Atualmente, tramitam no Congresso Nacional várias propostas de alteração dessa legislação — como o PL 438/2021, projeto de lei do senador Fabiano Contarato (Rede-ES) que exige o registro das promessas de campanha perante a Justiça Eleitoral. Contarato também condena o nepotismo entre candidatos a cargos públicos e suplentes.

‘’Isso é um sintoma do patrimonialismo de quem trata a coisa pública como negócio de família. Isso viola o artigo 37 da Constituição Federal, quando este diz que a administração pública é regida pelos princípios da legalidade, da impessoalidade, da moralidade, da publicidade e da eficiência’’, afirmou.

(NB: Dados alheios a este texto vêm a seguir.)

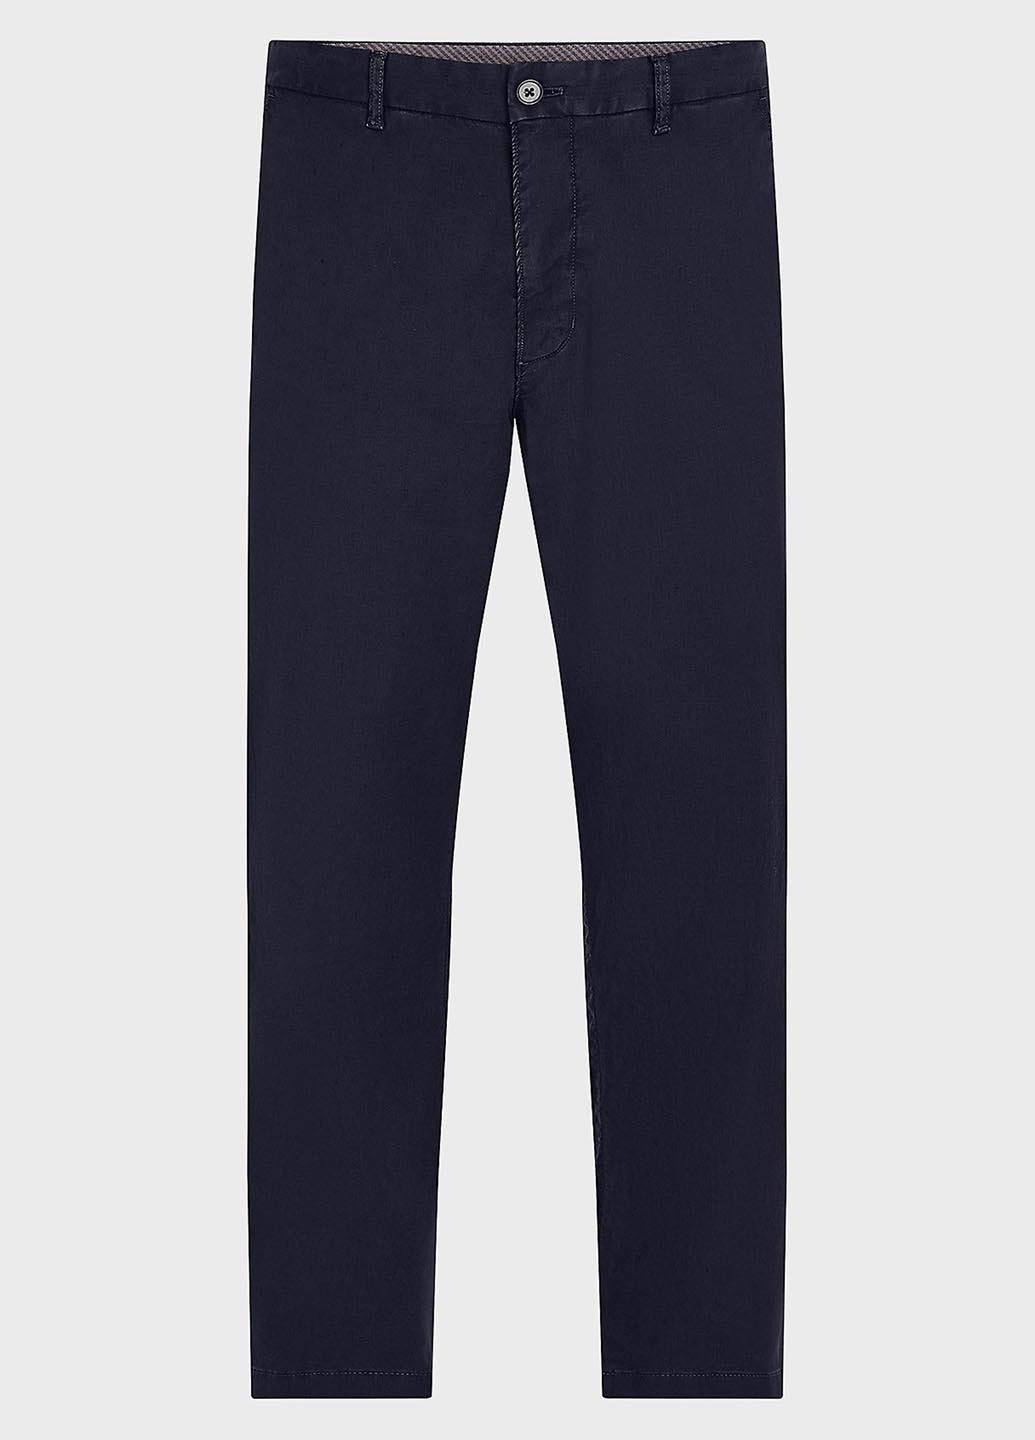 Темно-синие классические летние классические, прямые, чиносы брюки Tommy Hilfiger

Entre os outros projetos de lei que tratam do tema estão o PL 924/2021, que visa estabelecer que, na composição das chapas de candidatos a cargos eletivos do Poder Executivo, em todos os níveis, será assegurada a participação de ambos os gêneros; o PLP 253/2020, que prevê a inelegibilidade para o cargo de suplente de senador para cônjuge, companheiro e parentes (em linha reta, colateral ou por afinidade, até o terceiro grau, inclusive) do candidato titular; o PL 3.472/2019, que permite o voto no exterior nas eleições para governador, senador, deputado federal, deputado estadual e deputado distrital; e o PL 1.434/2021, que aumenta de seis meses para um ano o tempo que o candidato deve possuir de filiação ao partido e de domicílio eleitoral na respectiva circunscrição para concorrer às eleições.

Também foram convidados para a sessão de debate:

  • Cristian Silva, mestre em ciência política pela Universidade de Brasília (UNB), advogado e analista político;
  • Thiago Bovério, presidente do Instituto de Direito Político e Partidário (Pluris) e membro da Comissão de Direito Eleitoral da Ordem dos Advogados do Brasil (OAB);
  • Felipe Santa Cruz, presidente da Ordem dos Advogados do Brasil (OAB);
  • Eugênio Aragão, jurista e ex-ministro da Justiça.